- Ukraine’s Stetman prepares a 360-satellite network with SpaceX launch support
- New leadership keeps Ukraine’s ambitious satellite project moving forward
- The billion-euro constellation aims to strengthen Ukraine’s communication independence
Ukrainian company Stetman is currently preparing to launch its own low Earth orbit (LEO) satellite constellation, with service set to begin in 2027.
The company recently lost its founder, Dmytro Stetsenko, but the project is still on course after the appointment of a new CEO, Kateryna Diachenko.
According to the company, its planned constellation will orbit at an altitude of approximately 550 kilometers, with a test satellite currently scheduled for launch in October 2026 to validate the underlying technology together with SpaceX engineers.
Constellation with Danish and American partners
Full deployment of the constellation is expected to begin in 2027 and take three full years to complete entirely across the network.
The finished network will ultimately consist of 360 satellites manufactured by the Danish company GomSpace under an ongoing partnership.
Stetman has chosen SpaceX to handle the launches, citing the company’s lower cost and stronger reliability compared with rivals.
“SpaceX is the best option, as they are the cheapest and the most reliable,” Stetsenko had previously told reporters directly.
No formal agreement has yet been reached covering delivery of the remaining constellation satellites beyond that initial test satellite launch.
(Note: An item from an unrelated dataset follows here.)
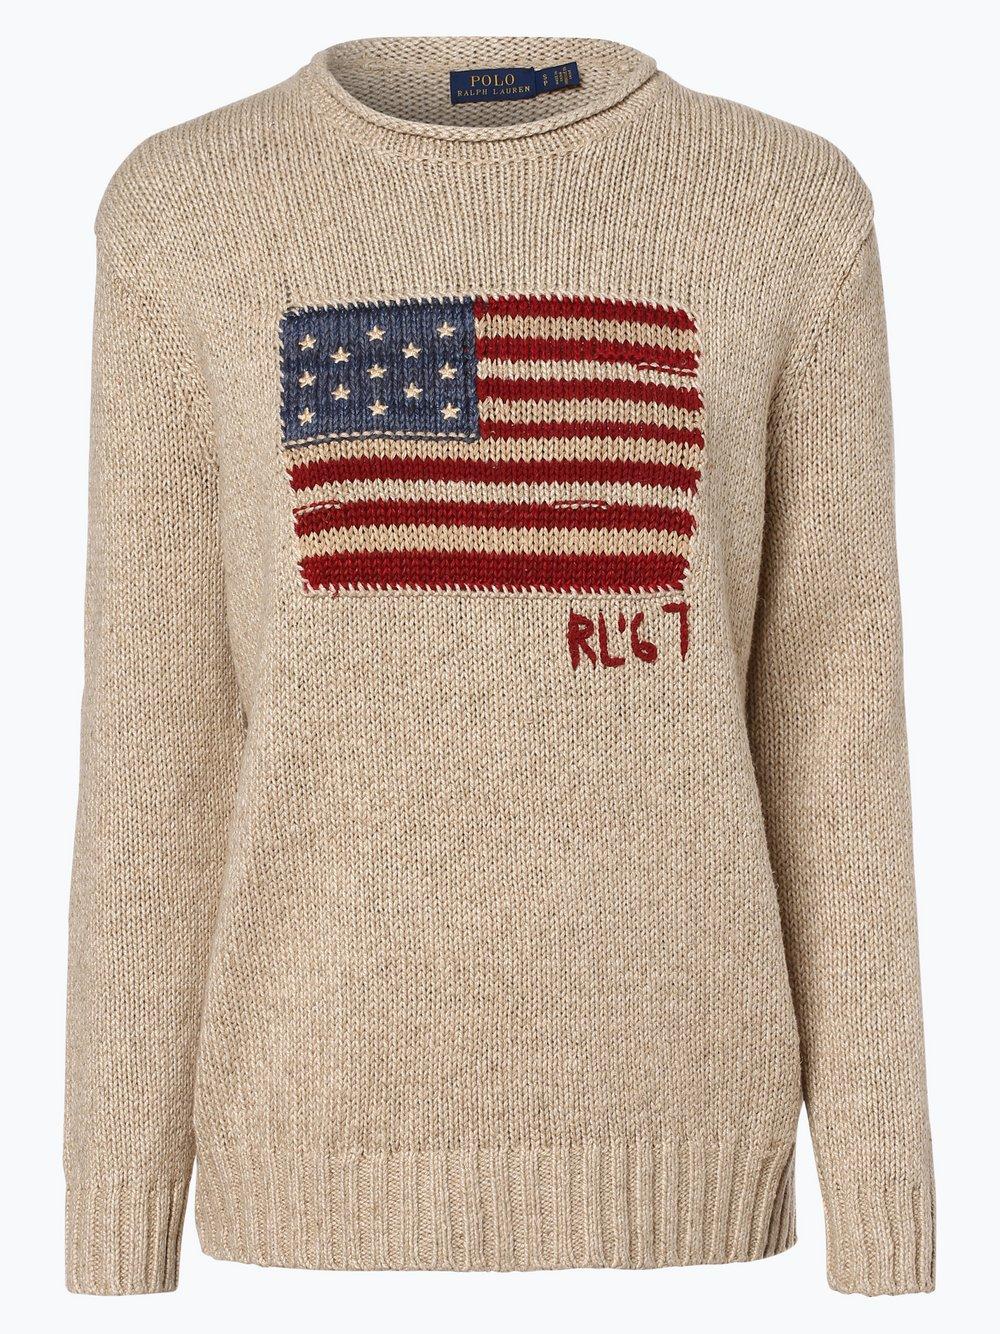 huge discount b2a68 87866 Polo Ralph Lauren Damen Pullover mit Leinen-Anteil online ...

Ukraine itself would require roughly 150 satellites, according to Andrii Kolesnyk, a former adviser to the head of Ukraine’s State Space Agency.
Diachenko has already met personally with GomSpace representatives to confirm continuity of their joint manufacturing plans going forward into the future.
A billion-Euro project
The total project cost reportedly exceeds one billion euros, though financing will proceed in several separate stages, a Stetman representative said.
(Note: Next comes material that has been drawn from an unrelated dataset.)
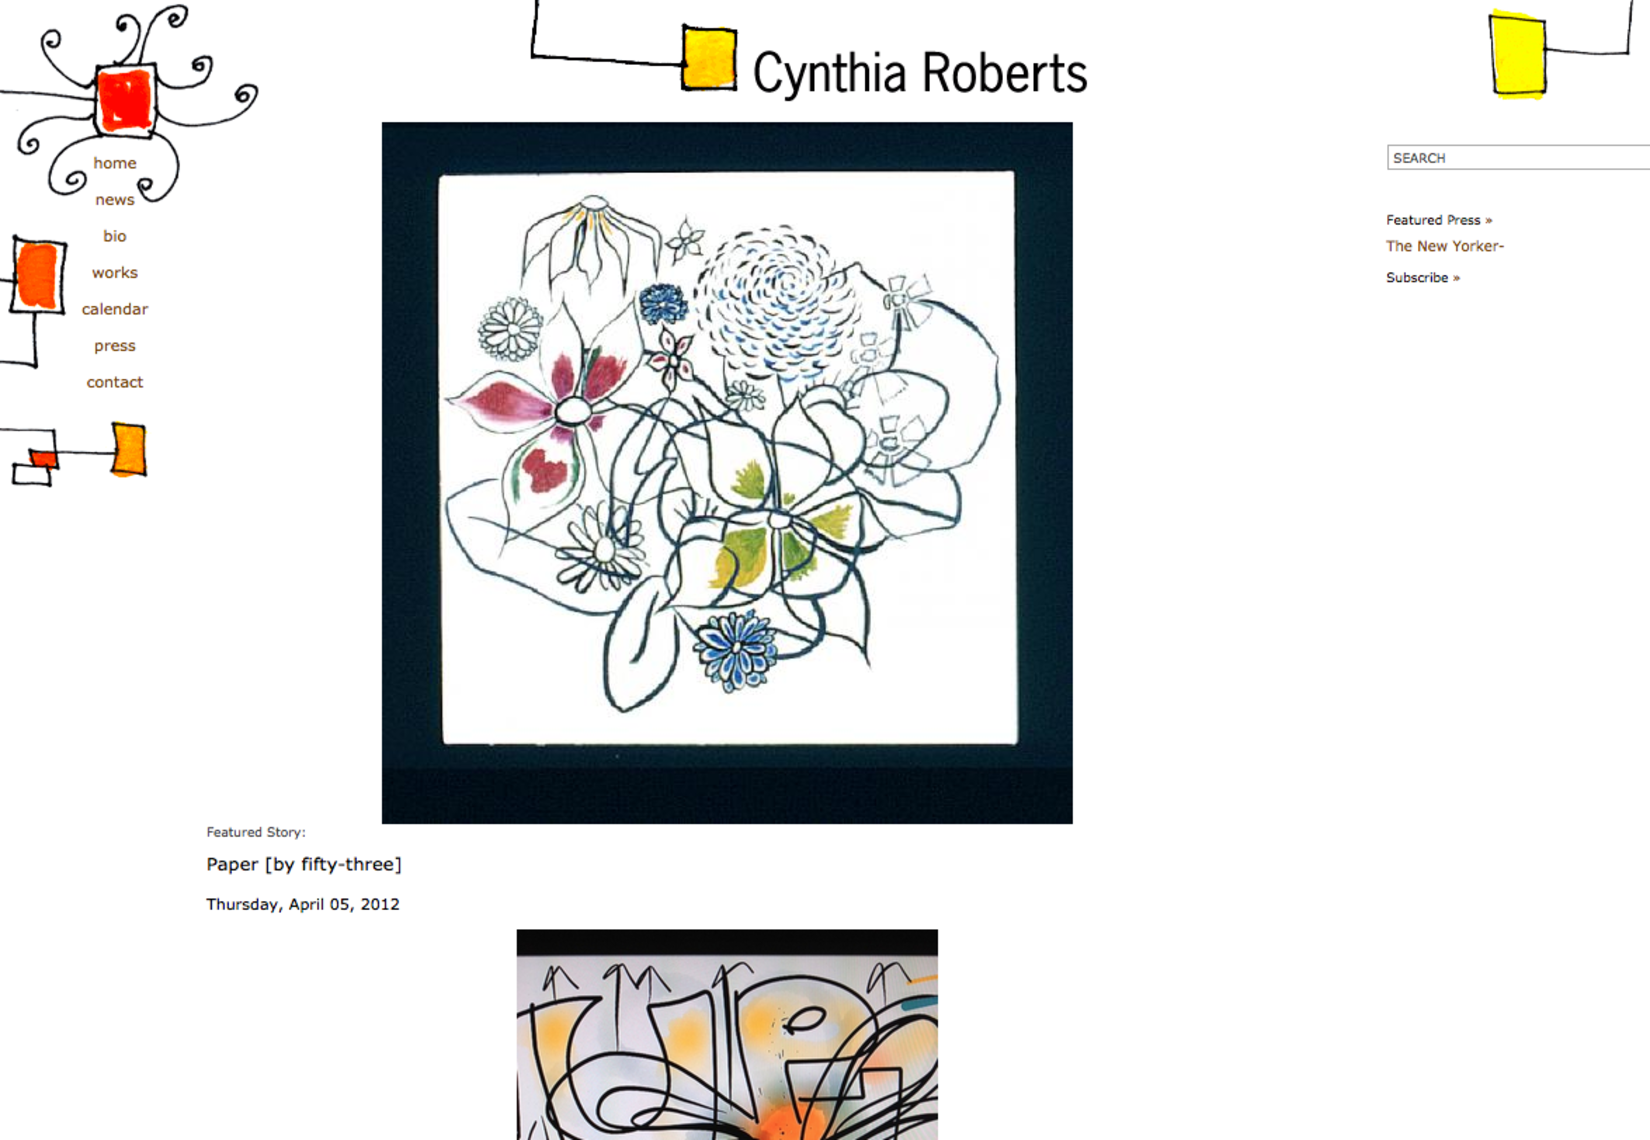 Cynthia Roberts, Visual Artist

That budget reportedly covers the satellite constellation itself, software development, launch services, broker fees, and staff salaries across the entire company workforce.
Manufacturing and launching a single satellite reportedly cost between $2 million and $3 million per unit.
A single SpaceX Falcon 9 rocket can carry several dozen satellites into orbit, and each launch typically costs between $60 million and $70 million depending on payload size.
With a target of 360 satellites, those per-unit costs alone would account for roughly $720 million to over $1 billion of the total budget
Stetman also plans a joint satellite manufacturing facility inside Ukraine alongside GomSpace, expected to fully open next year if funding arrives on schedule.
The factory could require several hundred million euros in investment, although details about funding sources remain undisclosed.
The company currently supplies communication equipment to Ukraine’s military, emergency services, police, medical personnel, and government institutions.
The company also produces modified communication terminals, including Starmod systems designed for military conditions and UASAT satellite terminals operating through existing satellite networks.
These products support Ukraine’s broader effort to strengthen communication independence during wartime.